Old nuclear plants often cost upward of $10 billion. This level of capital expenditure represented too large a percentage of utilities’ equity bases. A national approach to funding and offsetting risk never was in place. As such, it was easy to scare off investment in nuclear energy. Over the last two decades, submarine nuclear technology has been used to produce small-scale plants that are off the drawing board (Nuscale — 65 percent owned by Fluor). It is ready to go now. Small-scale nuclear plants are safer, less costly (about $1 billion, plus or minus).

Another scare was spent uranium and the need to have large places to store it, such as Yucca Flats in Nevada. However, the United States, unlike other nations, decided not to reprocess spent nuclear fuel. If it had done this, the amount of nuclear waste would be reduced dramatically. The fact that reprocessing itself produces a very small amount of weapons-grade plutonium was enough in highly charged times to table reprocessing. France gets 70 percent of its energy needs from nuclear. I assume the country has found a way to deal with the plutonium produced.
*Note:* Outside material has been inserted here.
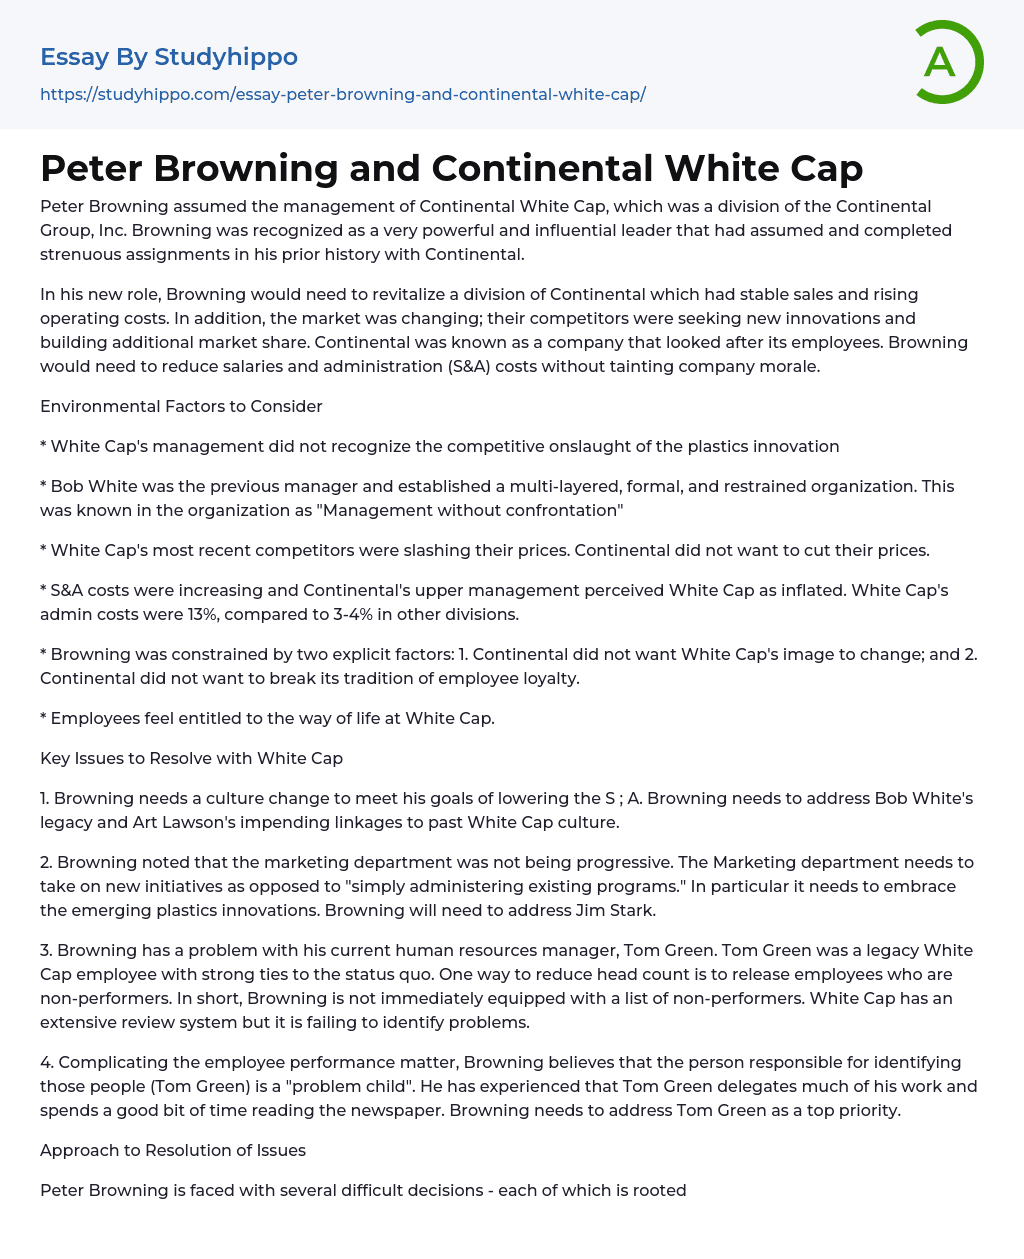 Peter Browning and Continental White Cap Essay Example

Today, we produce only 5 percent of the uranium we need domestically. The Uranium One transaction under the Clinton administration sold off a significant amount of our production. Work with thorium might allow it to complement/replace uranium, but this is off in the future. I always enjoy your editorials. They are educational. I continue to be amazed by how many high-IQ people don’t seem to have the facts where important issues of the day are concerned.